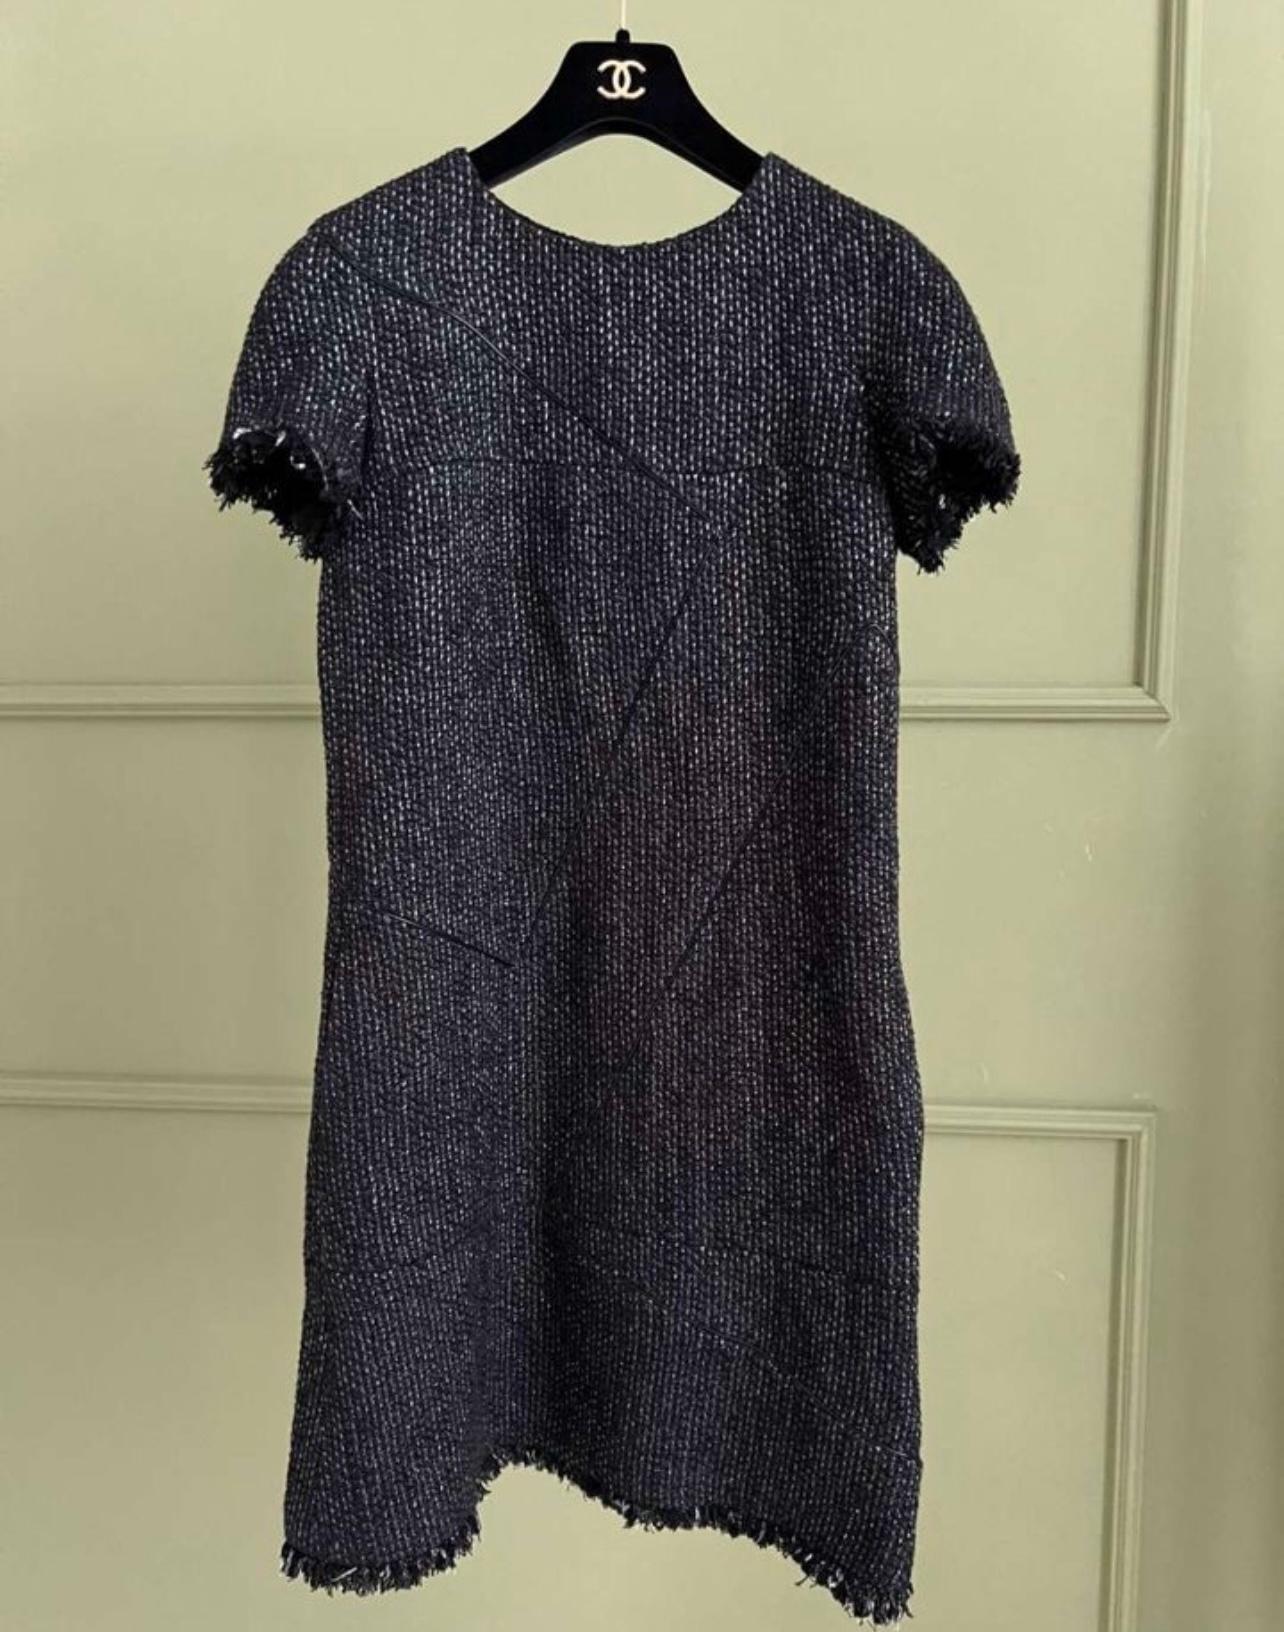 Chanel Black Geometric Tweed Dress  In Excellent Condition For Sale In Dubai, AE
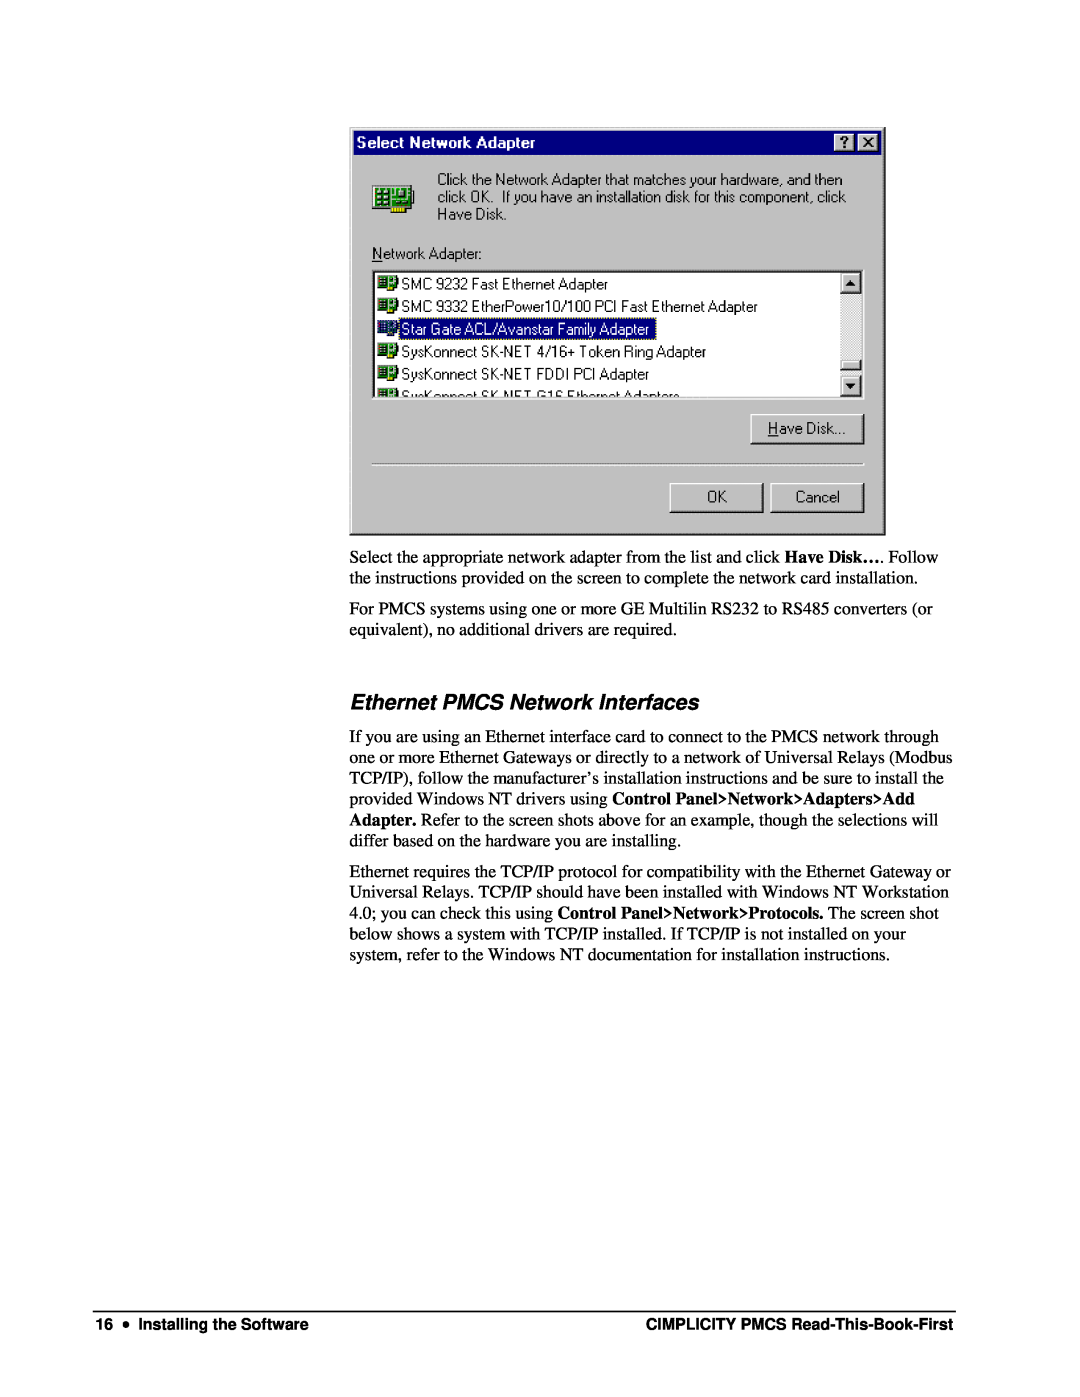 GE DEH-211 manual Ethernet PMCS Network Interfaces, Installing the Software, CIMPLICITY PMCS Read-This-Book-First 
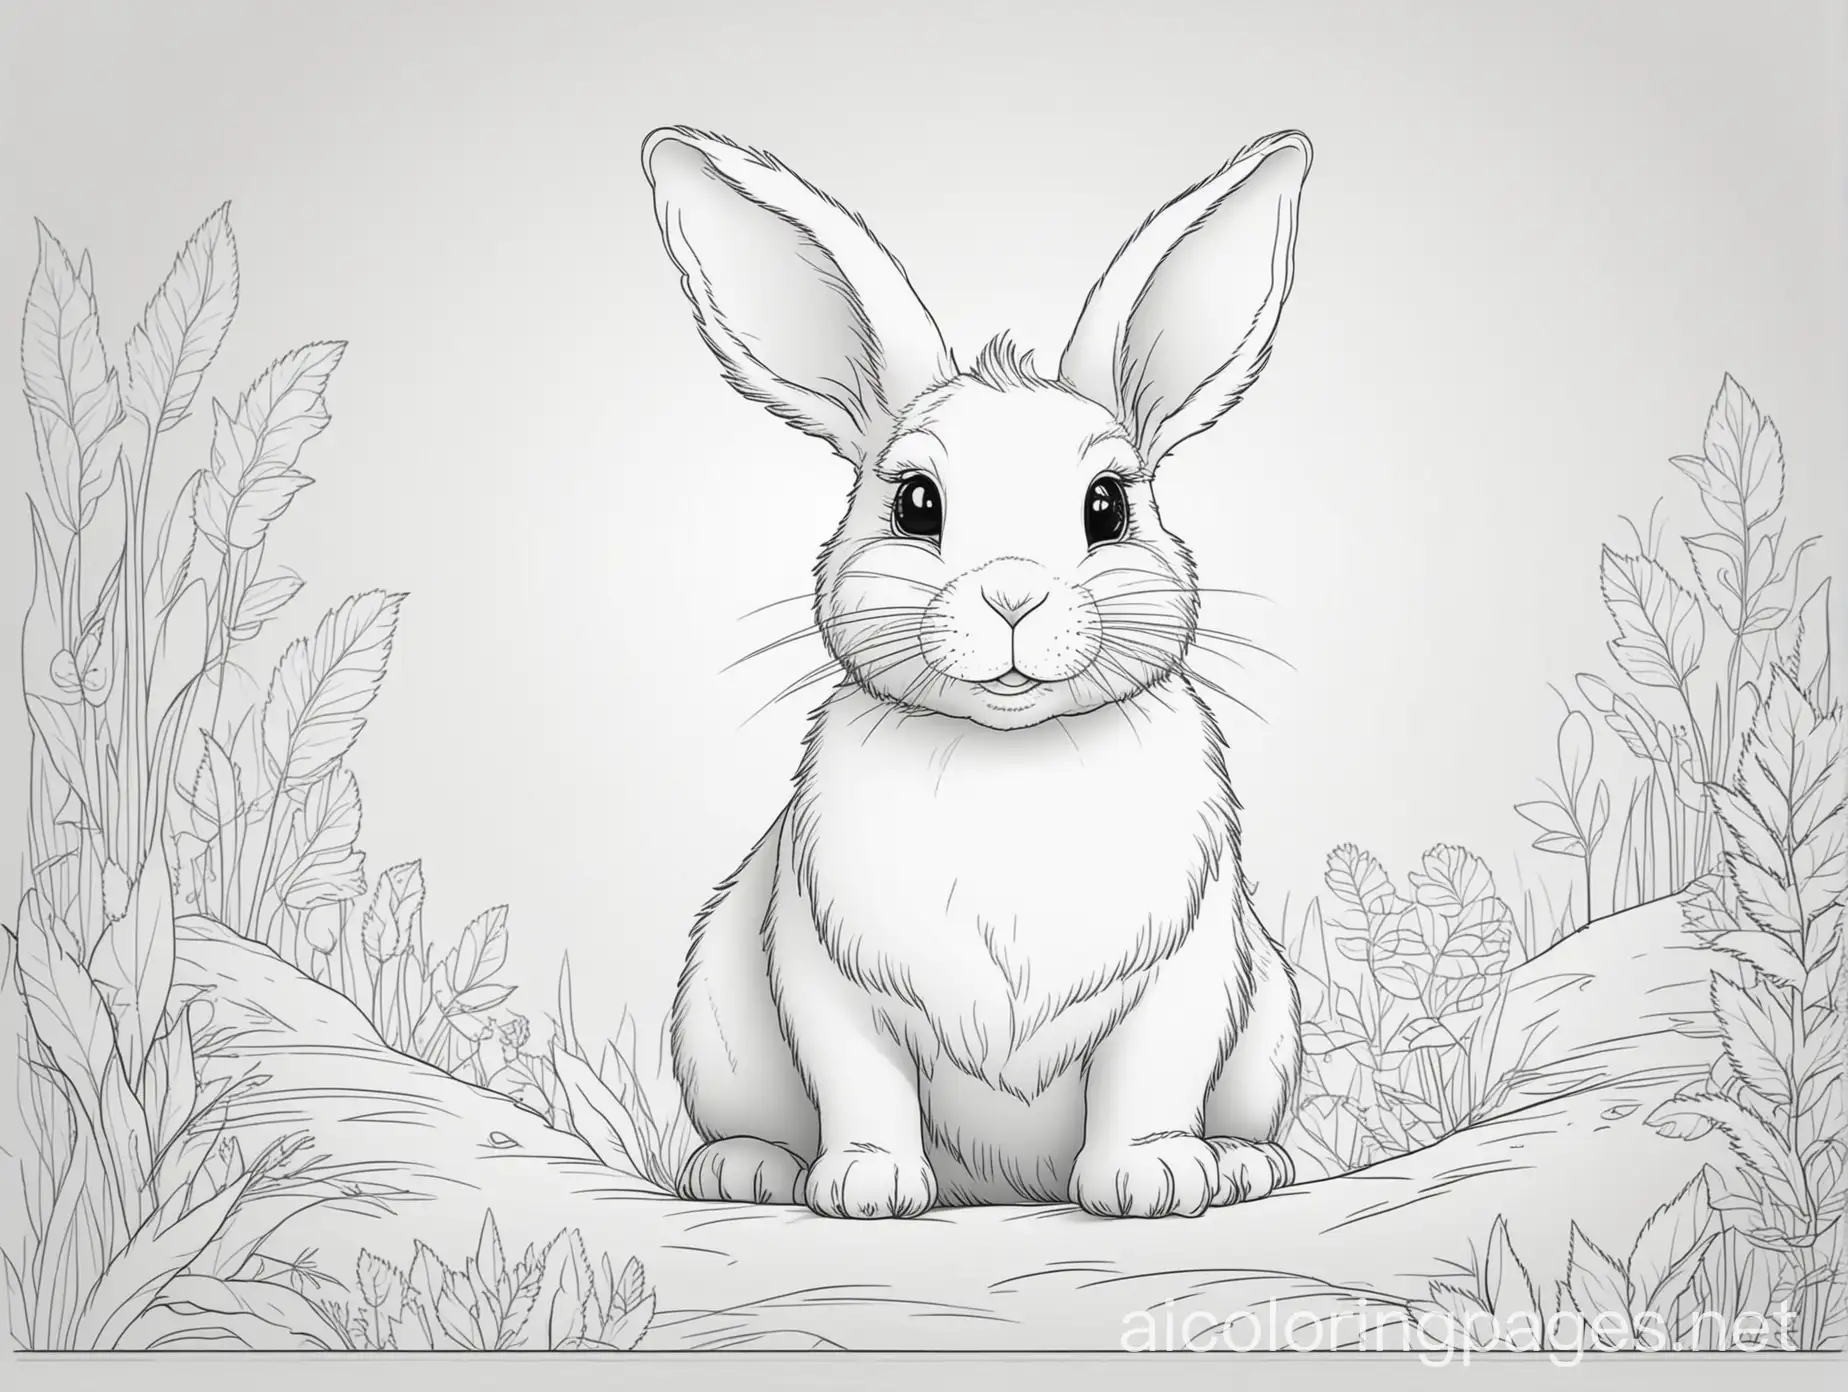 Rabbit with background
, Coloring Page, black and white, line art, white background, Simplicity, Ample White Space. The background of the coloring page is plain white to make it easy for young children to color within the lines. The outlines of all the subjects are easy to distinguish, making it simple for kids to color without too much difficulty

☆ ☆ ☆ ☆ ☆ ☆ ☆

WHAT TO WORK ON: The answer should contain only the lines from the one with "GE DEH-211 manual" through the last line of the material, given word for word and without pictures.

ANSWER FOR THE TASK:
 GE DEH-211 manual Ethernet PMCS Network Interfaces, Installing the Software, CIMPLICITY PMCS Read-This-Book-First 
 Rabbit with background
, Coloring Page, black and white, line art, white background, Simplicity, Ample White Space. The background of the coloring page is plain white to make it easy for young children to color within the lines. The outlines of all the subjects are easy to distinguish, making it simple for kids to color without too much difficulty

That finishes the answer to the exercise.